No telemetry, no opt-out required¶
Everything in this doc writes to local files under ~/.alexandria/. There is no network traffic, no phone-home, no anonymized metrics server, no crash reporter uploading to an issue tracker. The observability surface is fully inspectable by the user with jq, grep, and a text editor. This is non-negotiable — it follows directly from invariant #1 (single-user, local).
Users who want remote observability can run their own OpenTelemetry collector against the JSONL files. alexandria does not ship it, and the architecture assumes it does not exist.
SOLID application¶
- Single Responsibility. Each log family is a separate file with a separate emitter. One log family, one purpose. Downstream tools that want to merge read from all of them via
run_id. - Open/Closed. Adding a new log family is adding a file path to the emitter registry. No changes to
alexandria logs show. - Liskov. Every log line has the common shape above. Code that parses one line parses them all.
- Interface Segregation. The status command reads from the runs table, the heartbeats table, and the last N log lines. It does not couple to the adapter implementations or the LLM provider internals.

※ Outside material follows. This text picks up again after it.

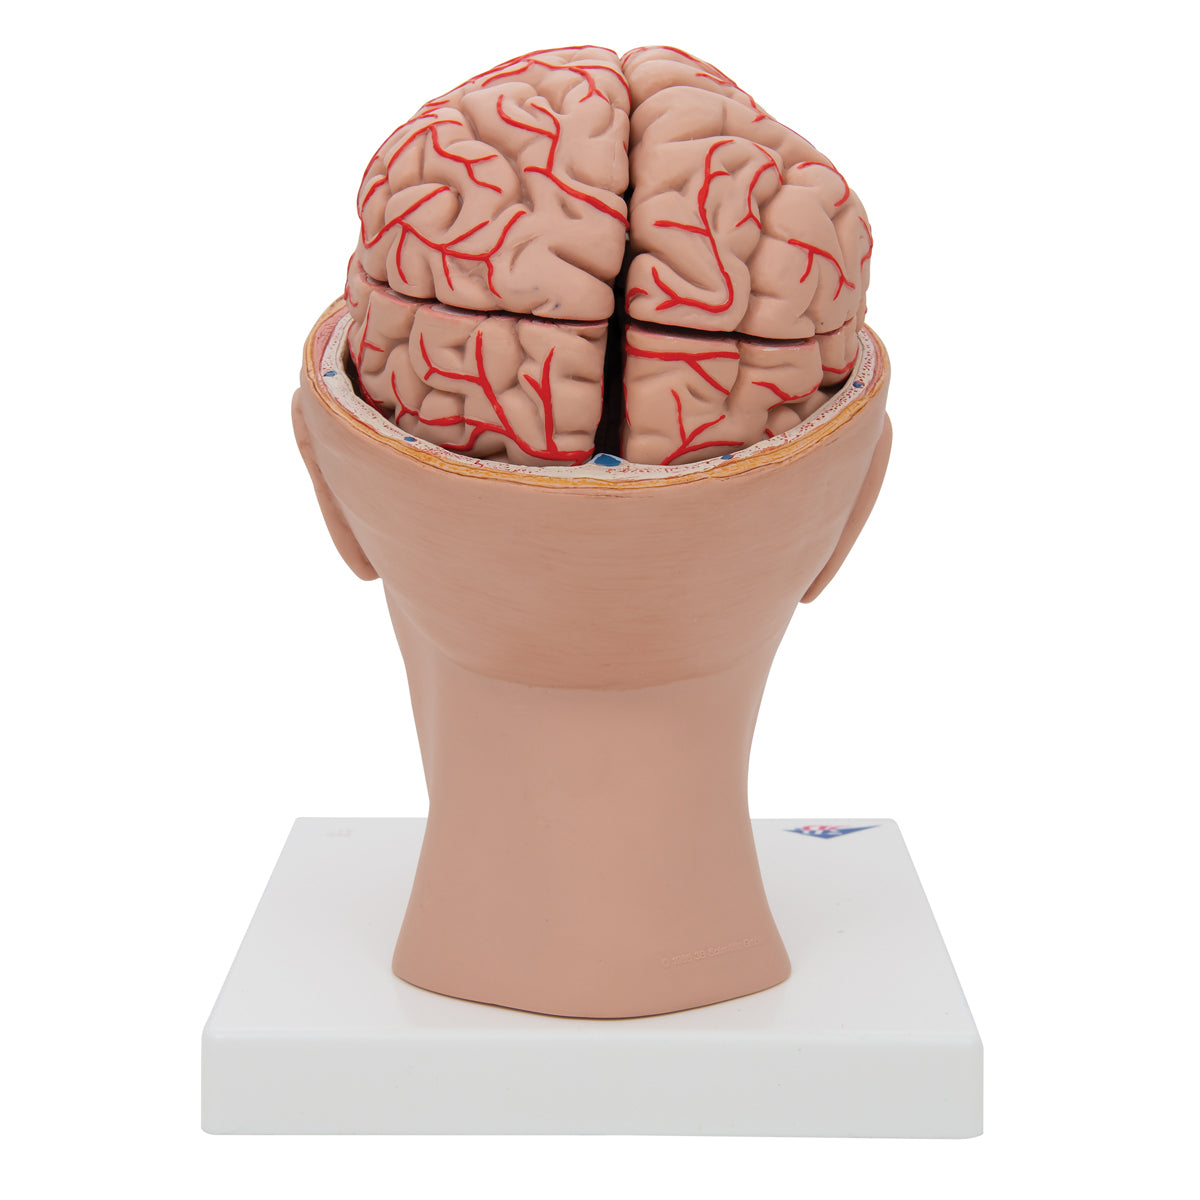 Hjärnmodell som visar artärer, vener och den inre skallbasen. Hjärnan kan tas ut och delas i 8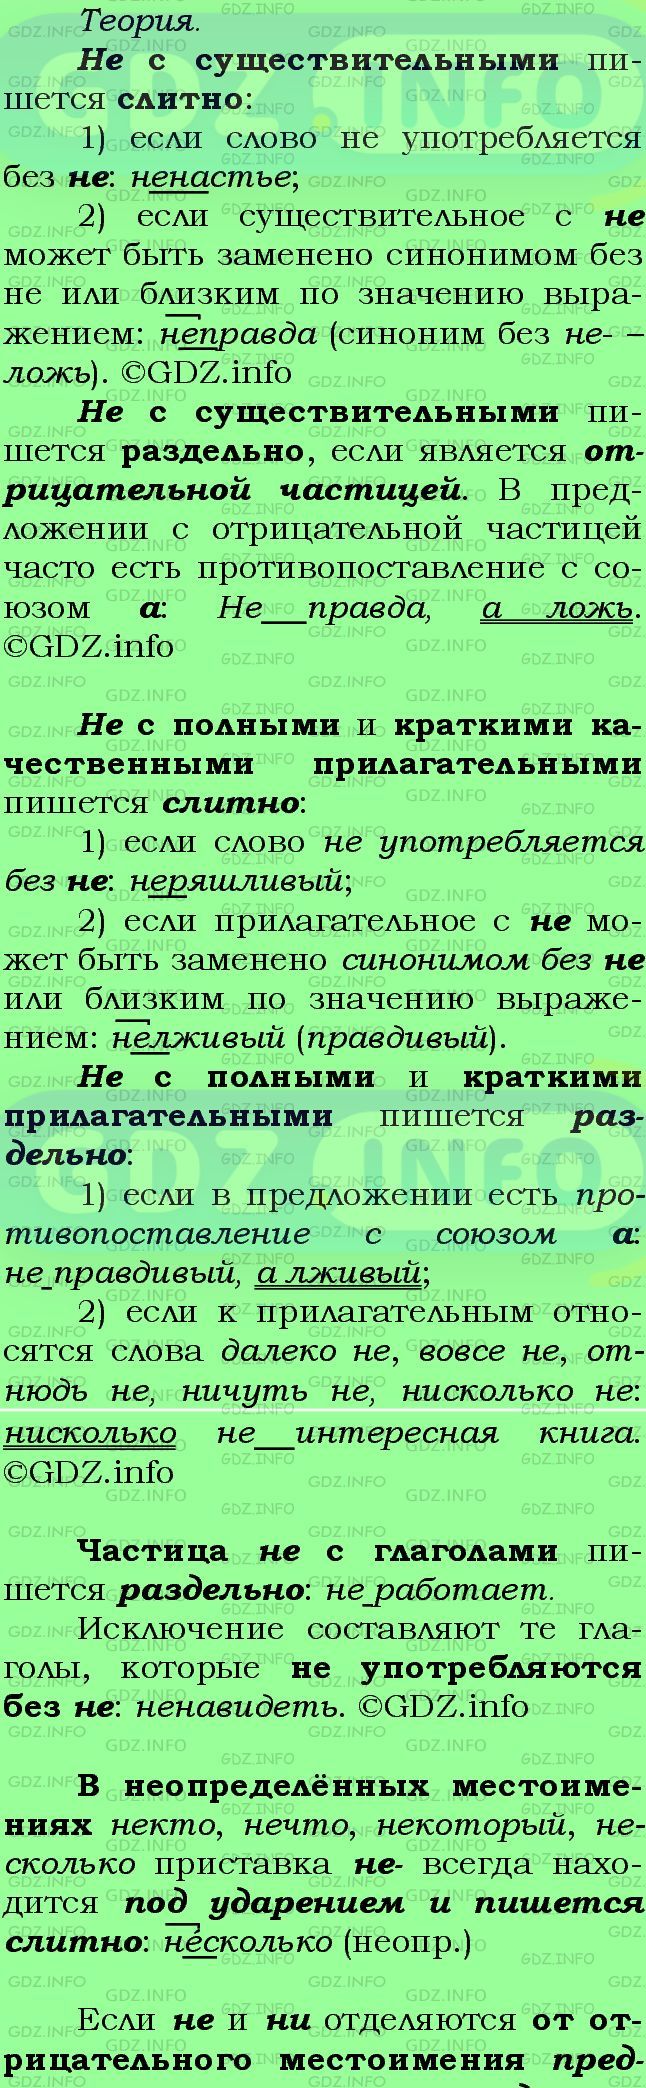 Фото подробного решения: Номер №159 из ГДЗ по Русскому языку 7 класс: Ладыженская Т.А.

- Dependency Inversion. The status blob is produced by a
StatusReporterclass that composesDaemonInspector,DbInspector,WorkspaceInspector, andAdapterInspector. Each inspector is a narrow interface; tests substitute fakes.
DRY notes¶
- One run_id threaded through every log family eliminates the need for separate correlation systems.
- One line shape means one parser.
- One
statuscommand aggregates what would otherwise be a dozen separatelist-*commands. - One doctor centralizes every "is my install healthy" check instead of scattering them across per-component scripts.
KISS notes¶
- Logs are JSONL. Readable with
tail -f | jq. No Parquet, no Avro, no binary format. - Status is one JSON document. No Prometheus, no Grafana, no push gateway.
- Doctor is a sequence of checks with pass/fail/warn and one remediation line each. No dependency graph.
- Crash dumps are text files. Read them with
cat.
What this doc does NOT cover¶
- The runs and source_runs tables — defined in
13_hostile_verifier.mdand06_data_model.md. - What each log family's event types mean semantically — a reference doc that I will build as the emitter registry grows. For now, the JSONL is self-describing.
- Daemon supervision logic itself —
16_operations_and_reliability.md. - Secrets redaction in logs —
18_secrets_and_hooks.md. - Evaluation metric scoring —
14_evaluation_scaffold.md.
Summary¶
Seven log families, one run_id field correlating everything, one alexandria status --json surfacing operational state, one alexandria logs show <run_id> for post-mortem tracing, one alexandria doctor for health checks, one alexandria runs show for verifier debugging. Crash dumps go to ~/.alexandria/crashes/. No telemetry. No cloud.
Every observable question the user will ask has exactly one command that answers it.